I don’t have 45 minutes to go through each hermeneutic method, to explore the greek and hebrew texts and talk about the historical and cultural context inside my song. I know you do every Sunday at your pulpit as you should, that’s what we need you for, to guide, teach and encourage us theologically. But I as a worship leader and songwriter operate under different restrictions, many shared but many not.
Totality of the worship song rotation should bring theological context
Each individual song will only illuminate a very narrow aspect of God’s character, it will direct our worship in a way that seems theologically narrow when viewed in isolation. Just as if I took a 4-5 minute segment of your sermon it may seem theologically narrow. I know you guys complain about You Tube videos taking you out of context, yet you frequently turn around and do the same to your worship leaders.

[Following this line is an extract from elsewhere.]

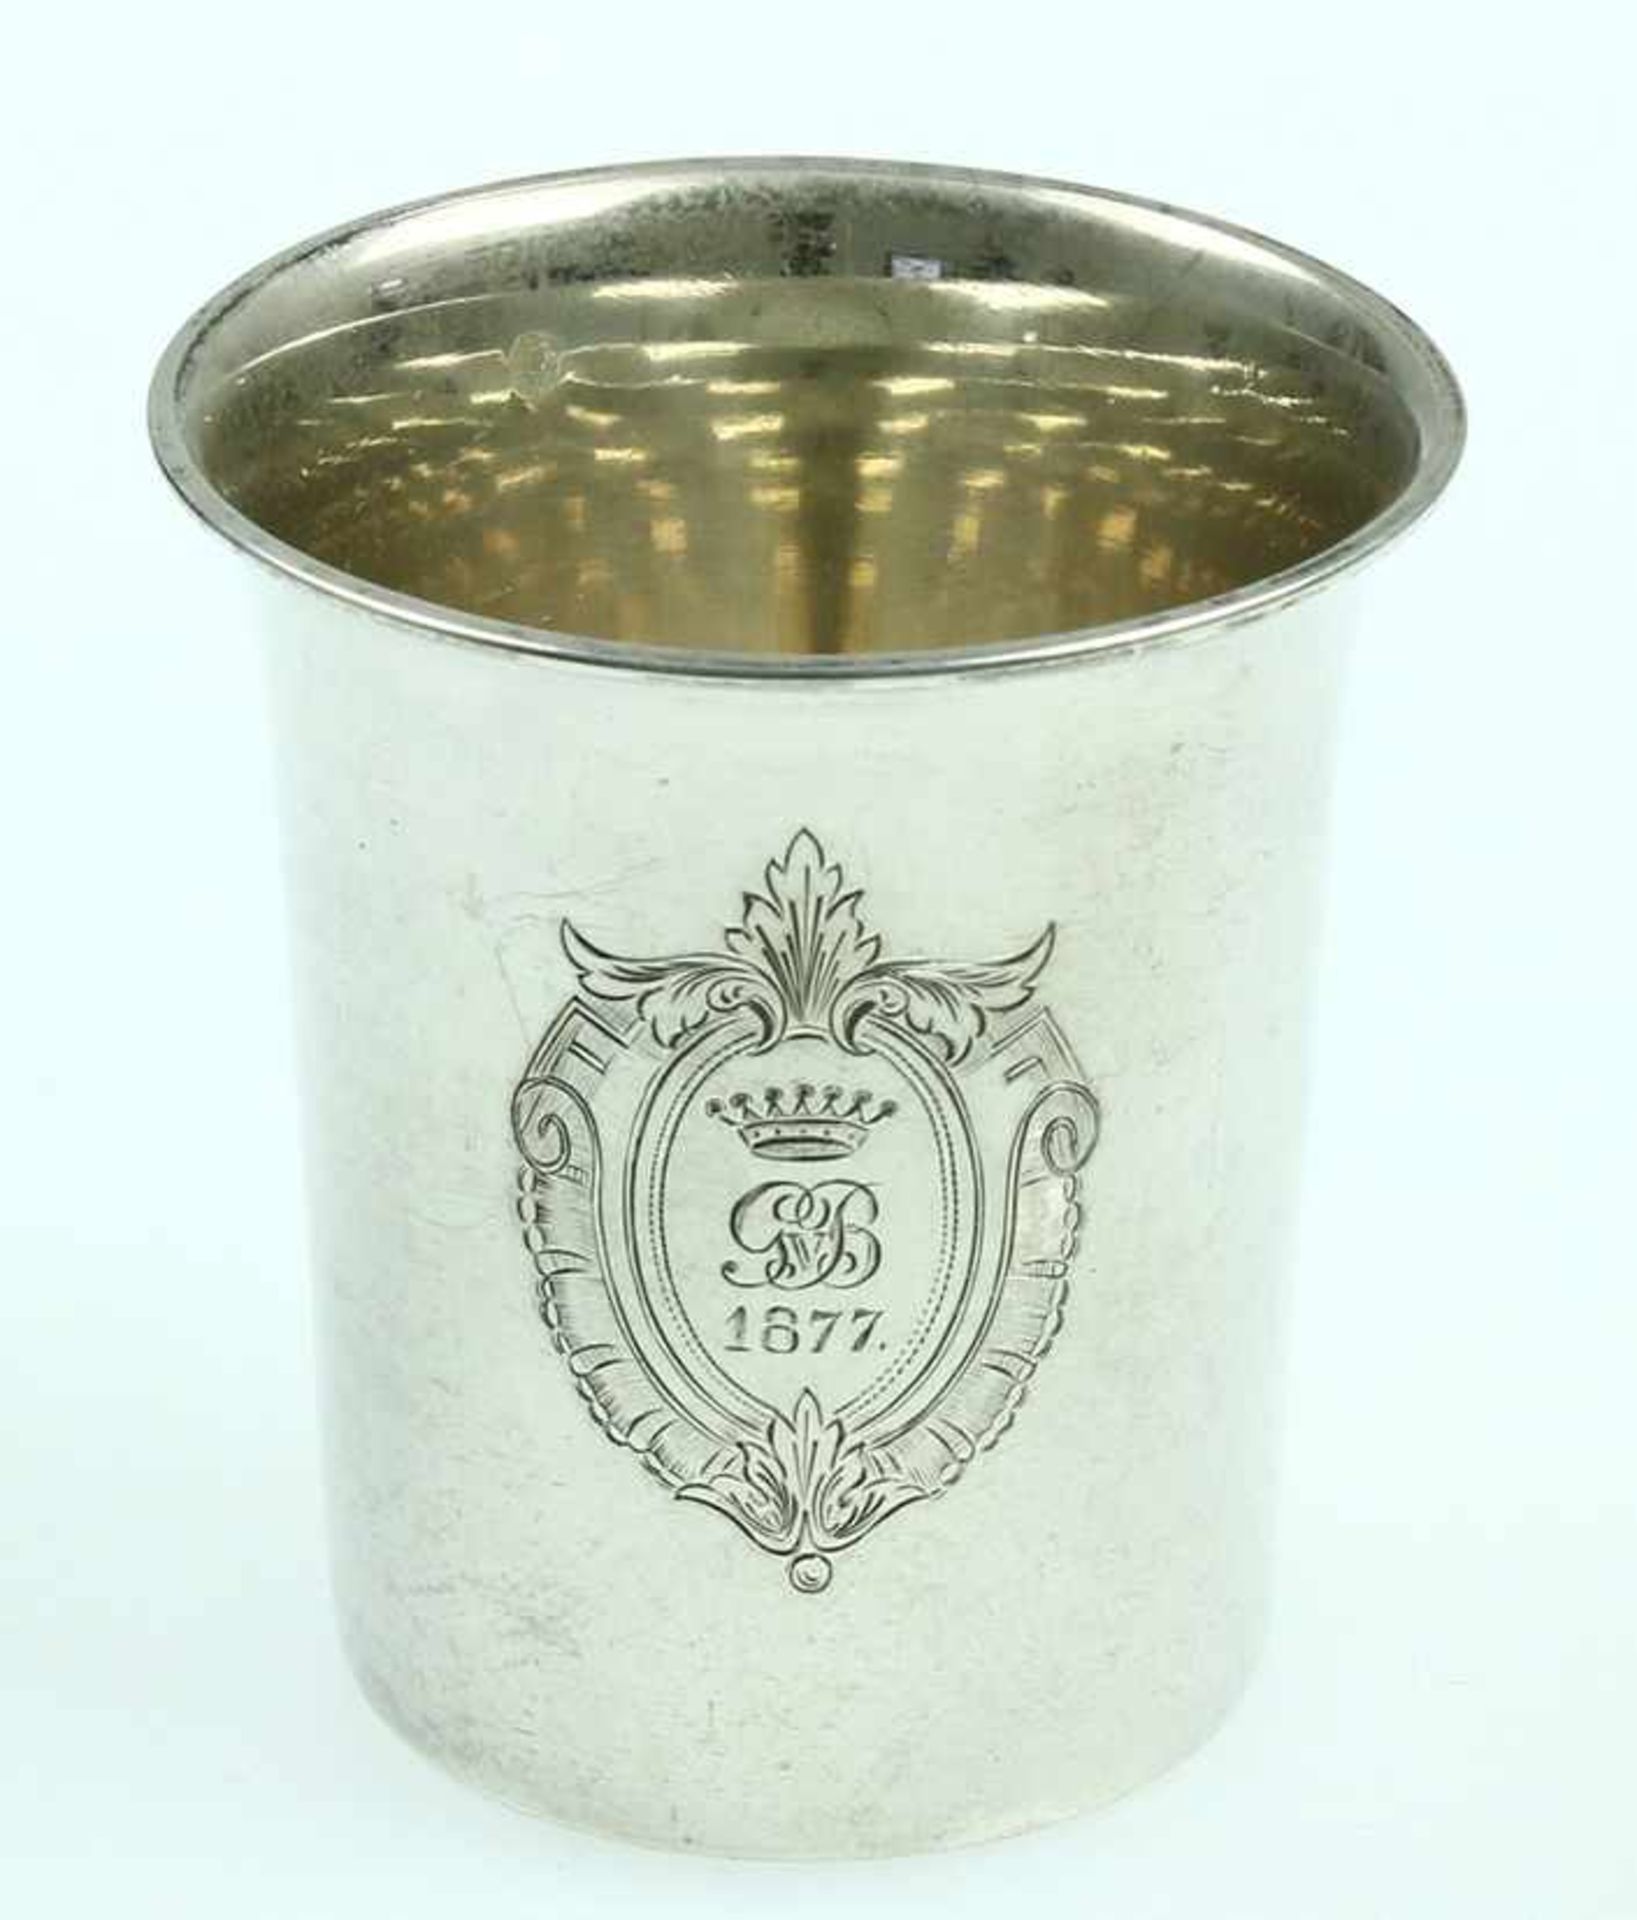 2e gehalte zilveren beker met omgeslagen rand en gegraveerd monogram 'GvB 1877' onder

Let worship leaders build a rotation of worship songs that glorify and exalt Jesus in different ways, all for who He is that together gives the body a faithful representation of Christ and his church. If you think you need a song that talks about justice, don’t tear down the songs about mercy, just have your worship leader write or introduce a song about justice. The problem isn’t too many songs about mercy and grace, it’s too few about justice and propitiation. (there aren’t too many poetic ways to rhyme with propitiation, that may be why)
In conclusion, elders, pastors, theologians, work with your worship pastors, encourage them, pray for them, give them ideas on new songs that will fill in the theological gaps of your worship. Stop making fun of all the songs and let’s write more good ones. Being a critic is cheap, being a faithful artist is challenging and worship leaders need your support.